[Bug middle-end/120378] Support narrowing clip idiom

2025-06-24 Thread Dusan.Stojkovic--- via Gcc-bugs
https://gcc.gnu.org/bugzilla/show_bug.cgi?id=120378

Dusan Stojkovic  changed:

   What|Removed |Added

 CC||dusan.stojko...@rt-rk.com

--- Comment #6 from Dusan Stojkovic  ---
Here are some examples from inter_pred_filter functions in x265:
https://godbolt.org/z/7asjsqcj8

They are generalized to show different variations to consider. The examples
show how introducing a temporary 
variable before storing the result of the clipping produces:
```
vmsge.viv0,v1,0
vsetvli zero,zero,e8,mf2,ta,mu
vnsrl.wiv6,v1,0,v0.t
vsetvli zero,zero,e16,m1,ta,ma
vmsle.vvv0,v1,v5
vsetvli zero,zero,e8,mf2,ta,ma
vmerge.vvm  v1,v3,v6,v0
```

Shouldn't both cases generate the vmax/vmin/truncate pattern at least?

Curiously, when doing a signed clip, there are two different approaches taken
by GCC; this time the choice doesn't involve
the type of store, but rather the size difference between the type being
clipped and the resulting type.

There is a case where at the end with two functions which could be optimized
with:
```
...
csrwi   vxrm,0
...
vnclipu.wi  v1,v1,6
...
```
Here GCC chooses vmax/vmin/truncate regardless of introducing a temporary
variable or not.

[Bug middle-end/120378] Support narrowing clip idiom

2025-05-23 Thread rguenth at gcc dot gnu.org via Gcc-bugs
https://gcc.gnu.org/bugzilla/show_bug.cgi?id=120378

--- Comment #5 from Richard Biener  ---
(In reply to Robin Dapp from comment #4)
> Does it make sense to have the vmax/vmin/truncate pattern as a fallback for
> other targets?  On riscv it would save one predicated instruction.

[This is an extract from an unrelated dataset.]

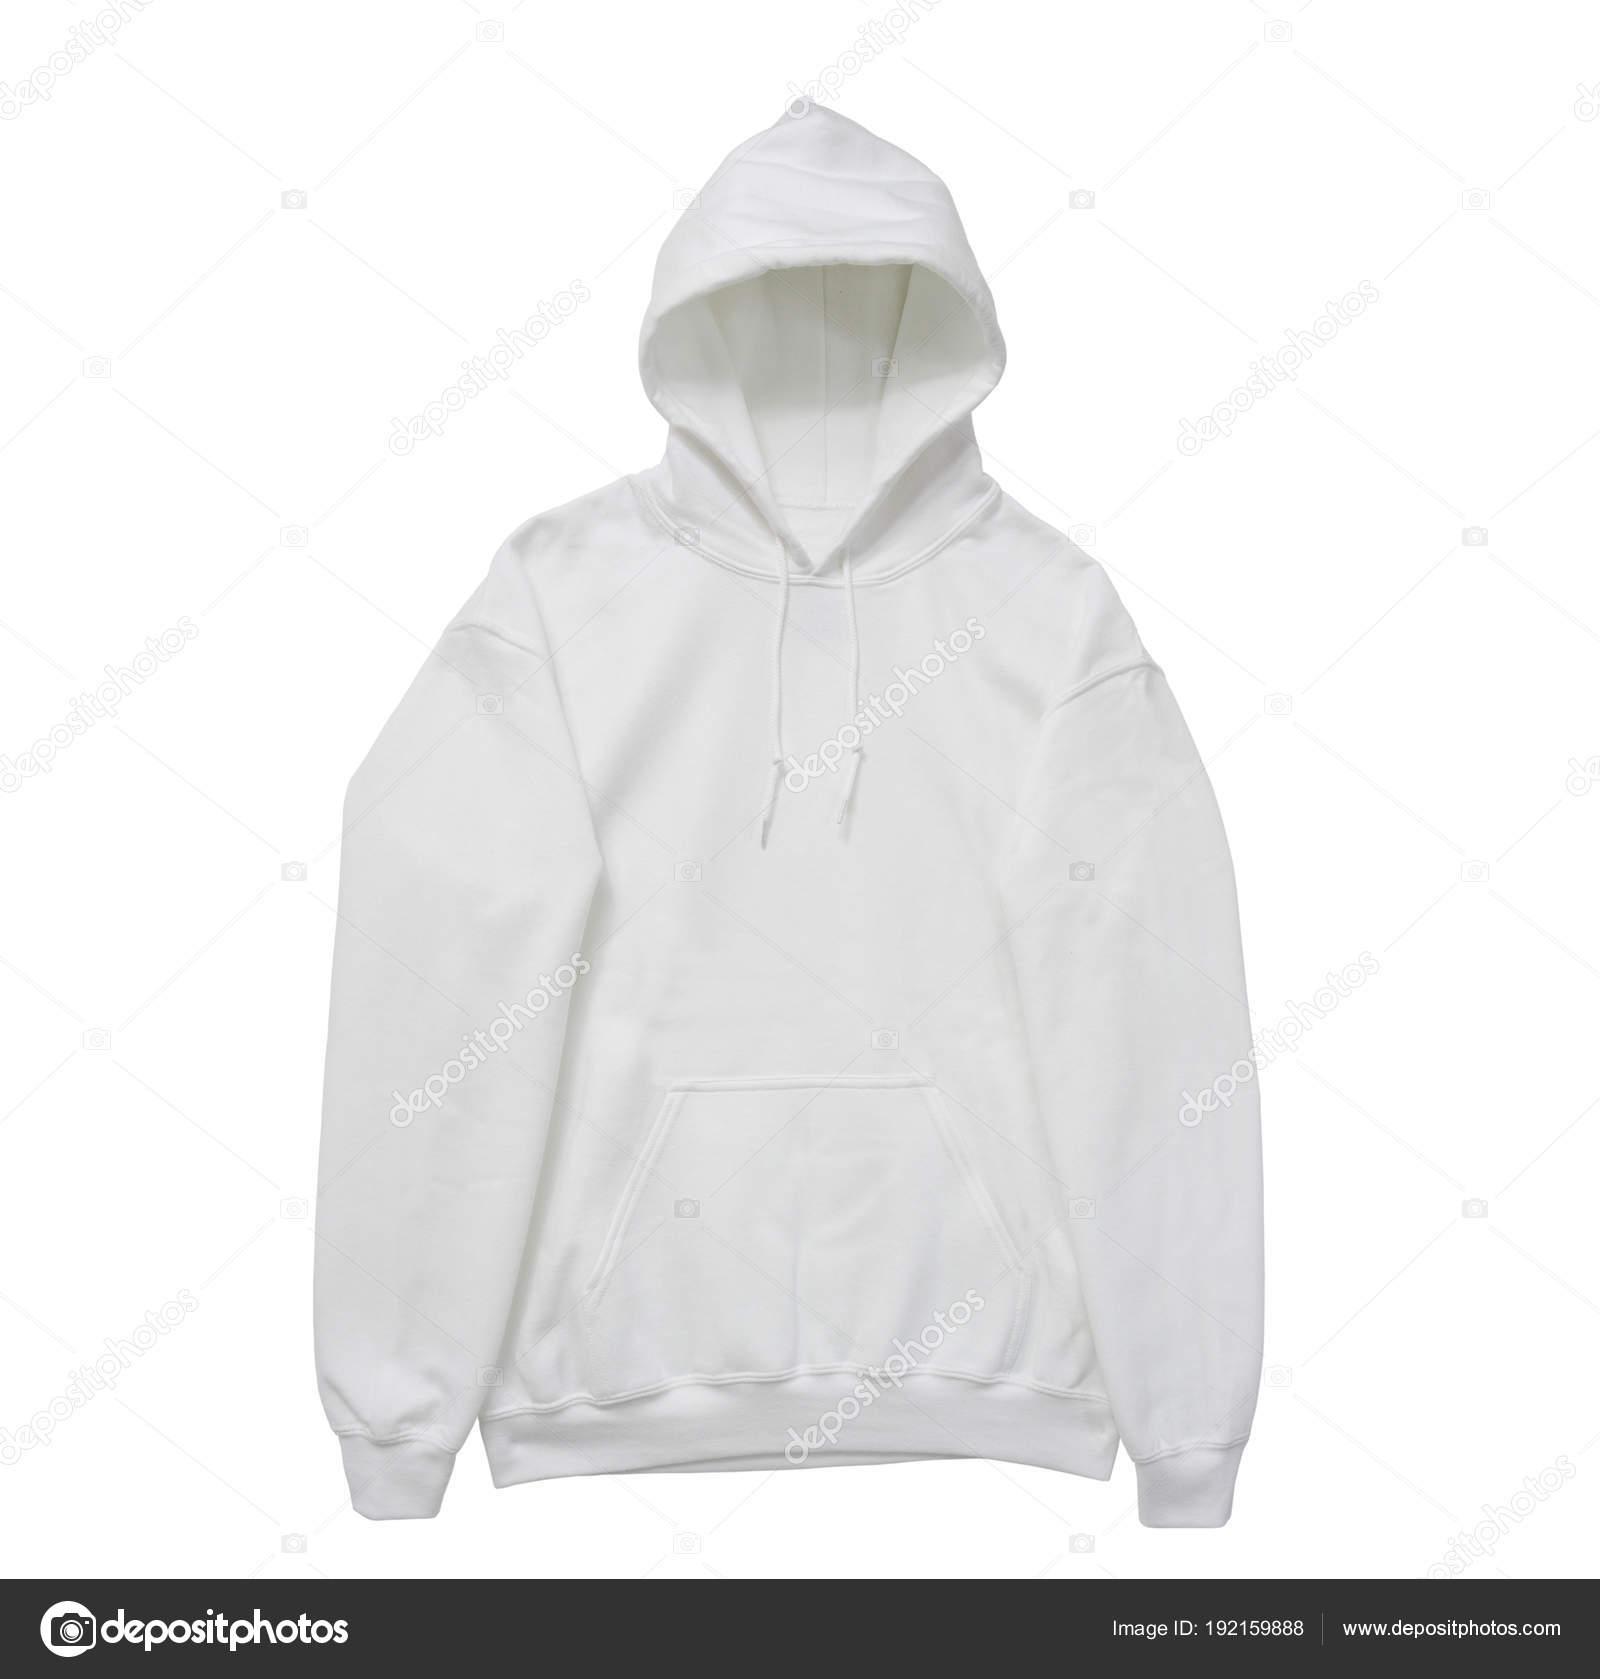 b2f3c049fdea Κενό Hoodie Φούτερ Λευκό Χρώμα Δείτε Μέτωπο Βραχίονα Λευκό Φόντο– εικόνα  αρχείου

I think if targets decide that they could implement the optab in this way,
so I'd not do this initially.

[Bug middle-end/120378] Support narrowing clip idiom

2025-05-23 Thread rdapp at gcc dot gnu.org via Gcc-bugs
https://gcc.gnu.org/bugzilla/show_bug.cgi?id=120378

--- Comment #3 from Robin Dapp  ---
vnclipu is basically a scaling (narrowing), rounding shift with subsequent
"clip" i.e. saturation.  Its input and output is unsigned, though, so for the
function above we first need to "clip" the negative values to 0 and then shift
twice from unsigned int to unsigned char.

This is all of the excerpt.